Assisting aging reps wanting “to equitize or monetize the value in their business is among the highest and best uses of our time,” says Mr. Krat, who also serves as chairman and CEO of SunAmerica Financial Network.

Last year, this sales system generated nearly one-third of SunAmerica’s $3.7 billion in annuity sales. It includes Royal Alliance Associates Inc., SunAmerica Securities Inc., Advantage Capital Corp., FSC Securities Corp., Sentra Securities Corp. and Spelman & Co., as well as 9,700 independent advisers who clear transactions through the six brokerage units.

Of course, SunAmerica’s motives aren’t wholly altruistic.

As national and regional brokerages are limiting the number of houses whose products they will sell, SunAmerica, Fnic — a unit of insurer Aetna Inc. — and other sellers are at risk of losing relationships with much-wooed independent advisers.
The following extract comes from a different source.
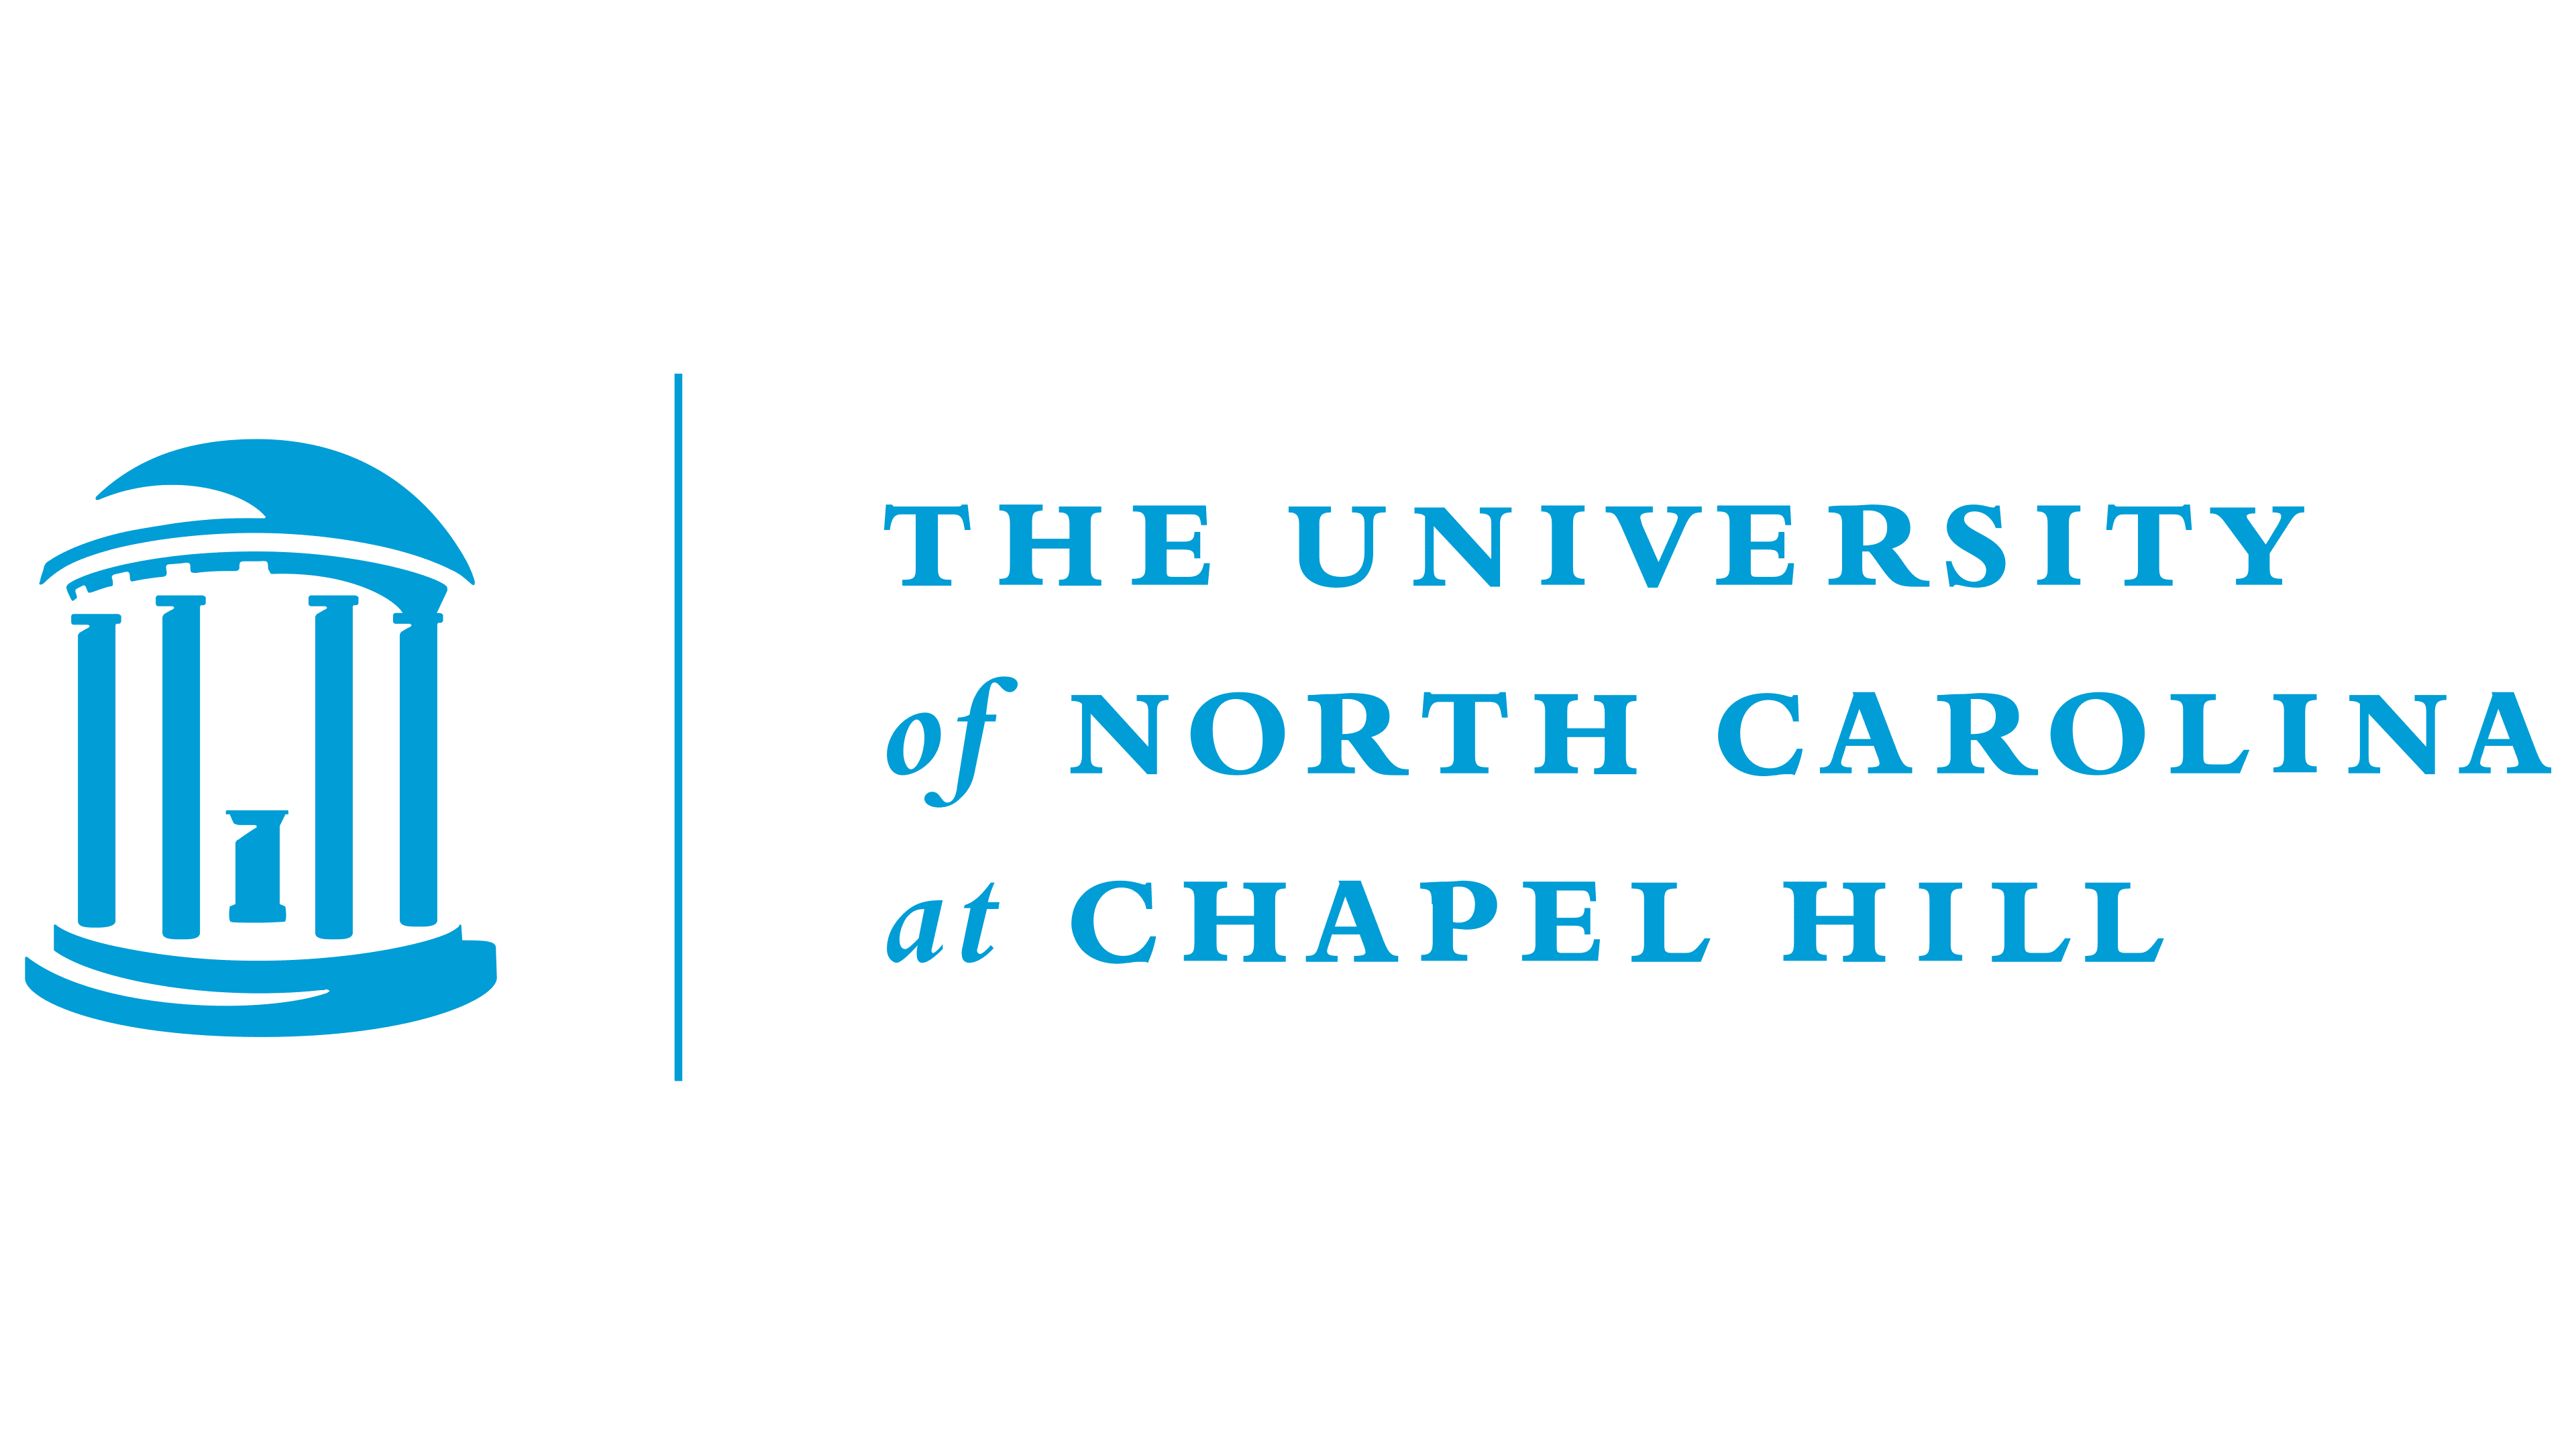 The university of north carolina at chapel hill

Suitors include consolidators like Leon Black’s National Financial Partners, accounting chains like H&R Block Group Inc., competing broker dealers and even other independent advisers.
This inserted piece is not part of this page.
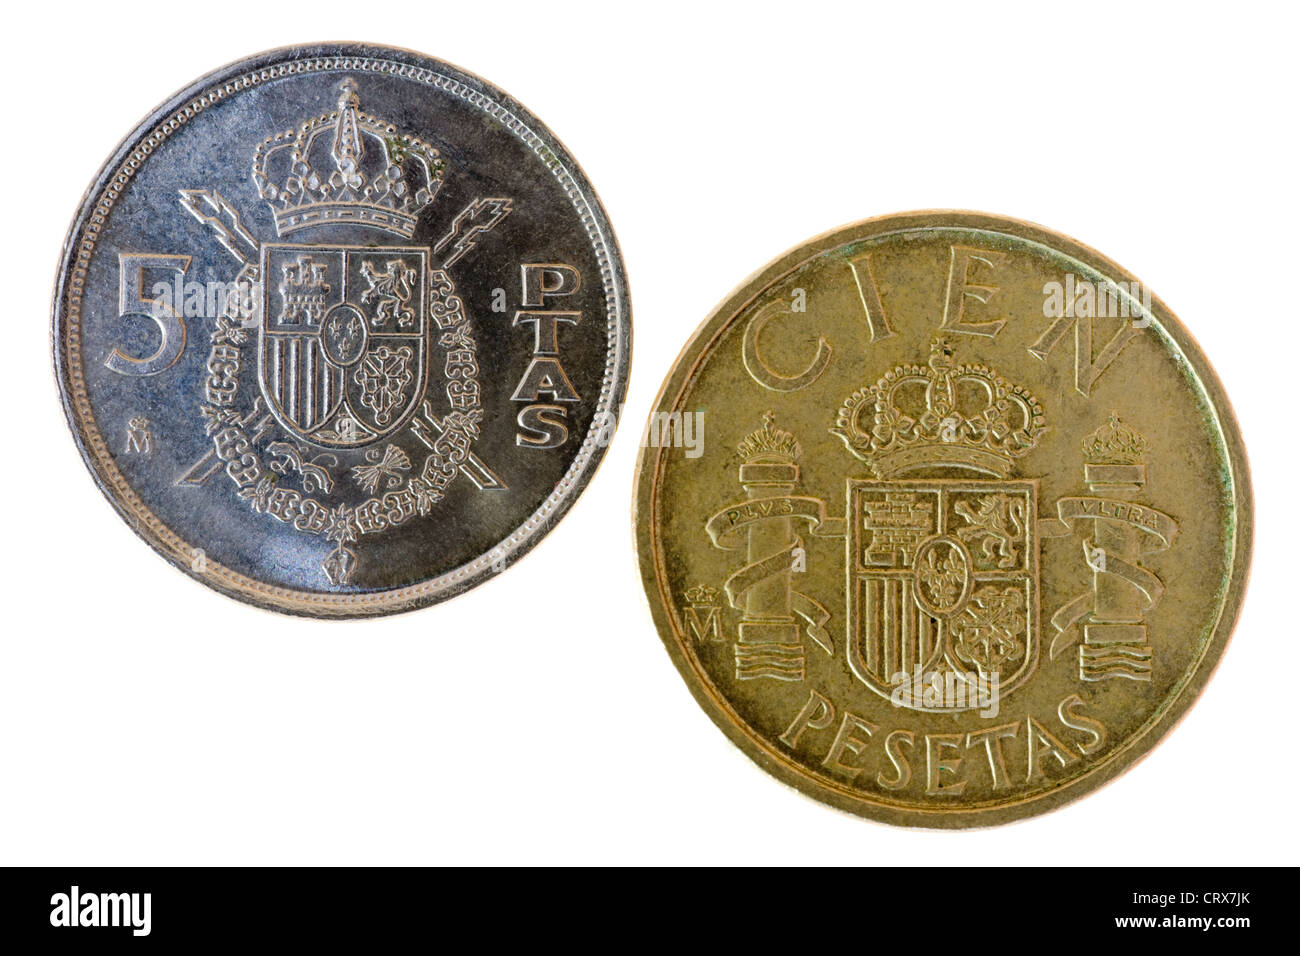 Old Spanish Pesetas coins Stock Photo

In addition, many financial planners are ready to retire. Two years ago, the International Association for Financial Planning found that 30% of its members were contemplating retirement within five years.

This impending transition has already prompted competitors like American Express and LPL Financial Services to help match up prospective buyers and sellers. Other brokerage groups are studying similar initiatives. Mutual Service Corp. of West Palm Beach, Fla., and Associated Securities Corp. in Los Angeles have each launched initiatives to develop so-called continuity plans.
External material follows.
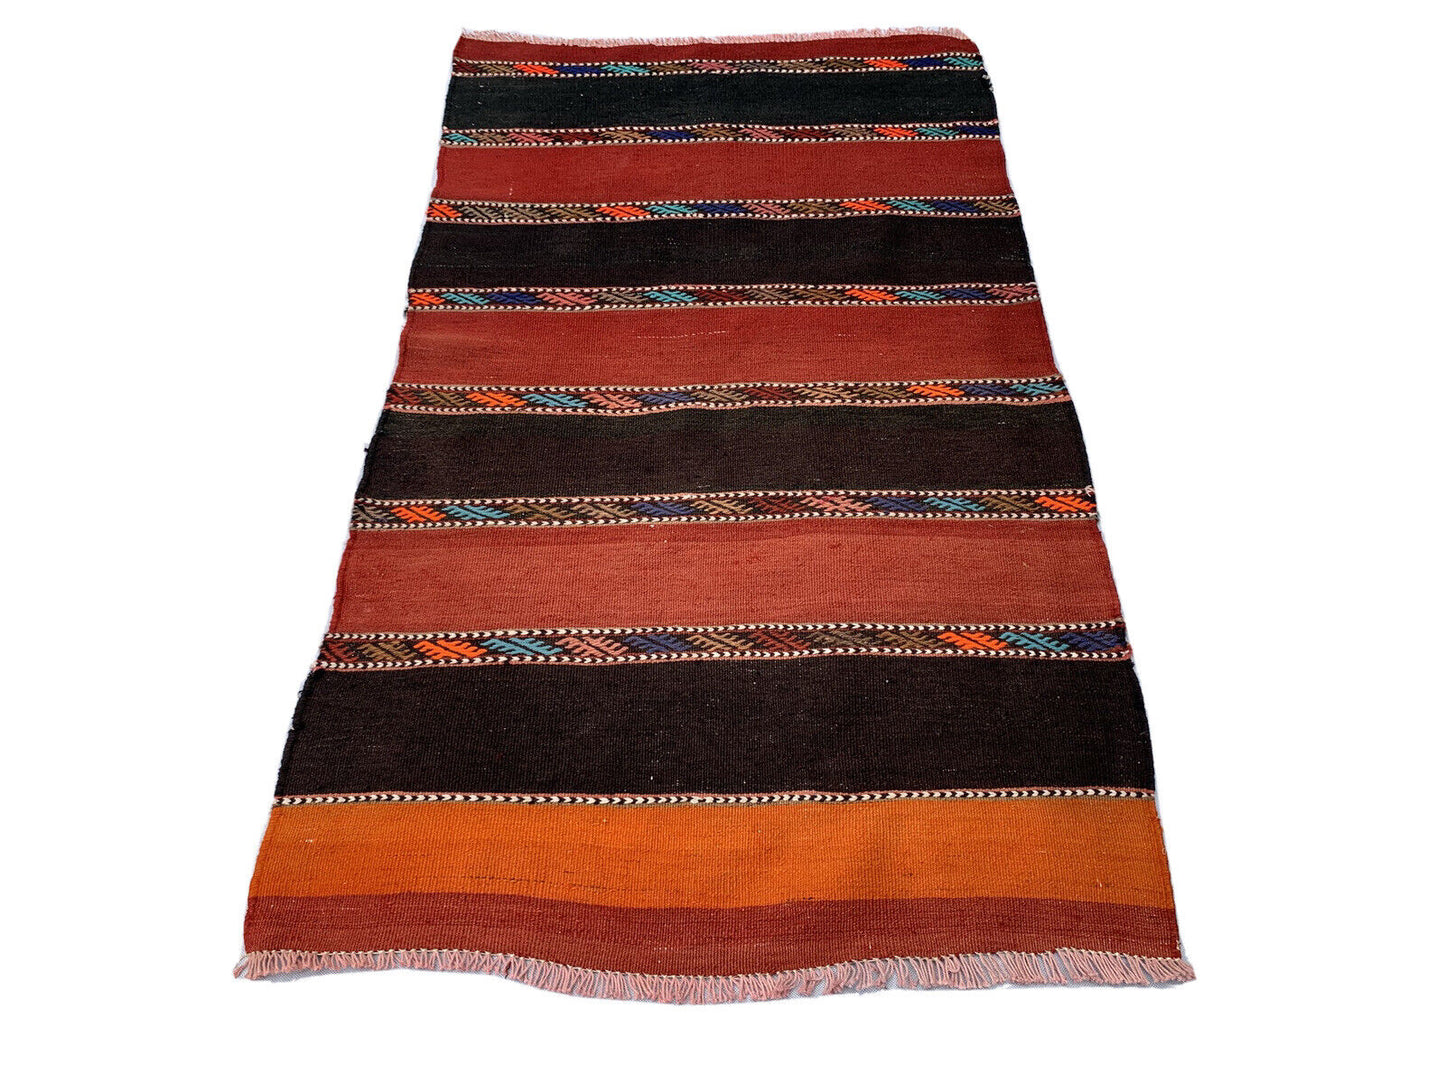 Traditional Turkish Kilim Rug,Vintage Kelim Teppich 130x74 cm

“SunAmerica wants to help their reps go through an orderly transition and help them build more profitable, larger practices,” says Mark Tibergien of Moss-Adams LLP, a Seattle accountancy and advisory firm that is working with SunAmerica and Fnic.

“They are examining ways in which they can provide financing for a portion of the purchase price,” he continues. “What is not yet clear is whether that will be done by a master arrangement that the company has negotiated with a bank or whether SunAmerica will provide the financing.”

Most financial advisory firm sales are structured under earn-out agreements in which the buyer pays an agreed price over, say, four years, if the business continues generating a specified level of fees.

The SunAmerica and Fnic programs are aimed at making such sales more attractive by helping buyers offer more upfront cash or shorten the earn-out period in exchange for maintaining the broker-dealer relationship.

“There is no question that it helps retain the business inside the broker dealer, so from that perspective it’s a good business opportunity for us,” says Mr. Krat. “We were a capital-rich organization when we were SunAmerica, and we have an even greater capital base now that we are owned by AIG,” he adds, referring to SunAmerica’s sale to New York’s American International Group Inc. in January.

“For sellers it’s a compelling arrangement, says Mr. Tibergien, noting that trail fees — continuing commissions on assets under supervision — remain a background force in any deal. “Sales break down when an owner questions why they should sell their practice for an earn-out when they could make just as much money by letting their business diminish over time and collecting the trails.”

But the success of these programs will ultimately depend on how well they play to advisers.

Miles Gordon, president of Fnic, says no advisers have taken the company up on its financing program since its official rollout a month ago. The Torrance-based company earlier had assisted in the sale of two affiliated practices.

“There are strong defensive elements to these programs,” says Mr. Tibergien, “but they have to make business sense. Brokers can put themselves in front of this trend or find themselves behind it.”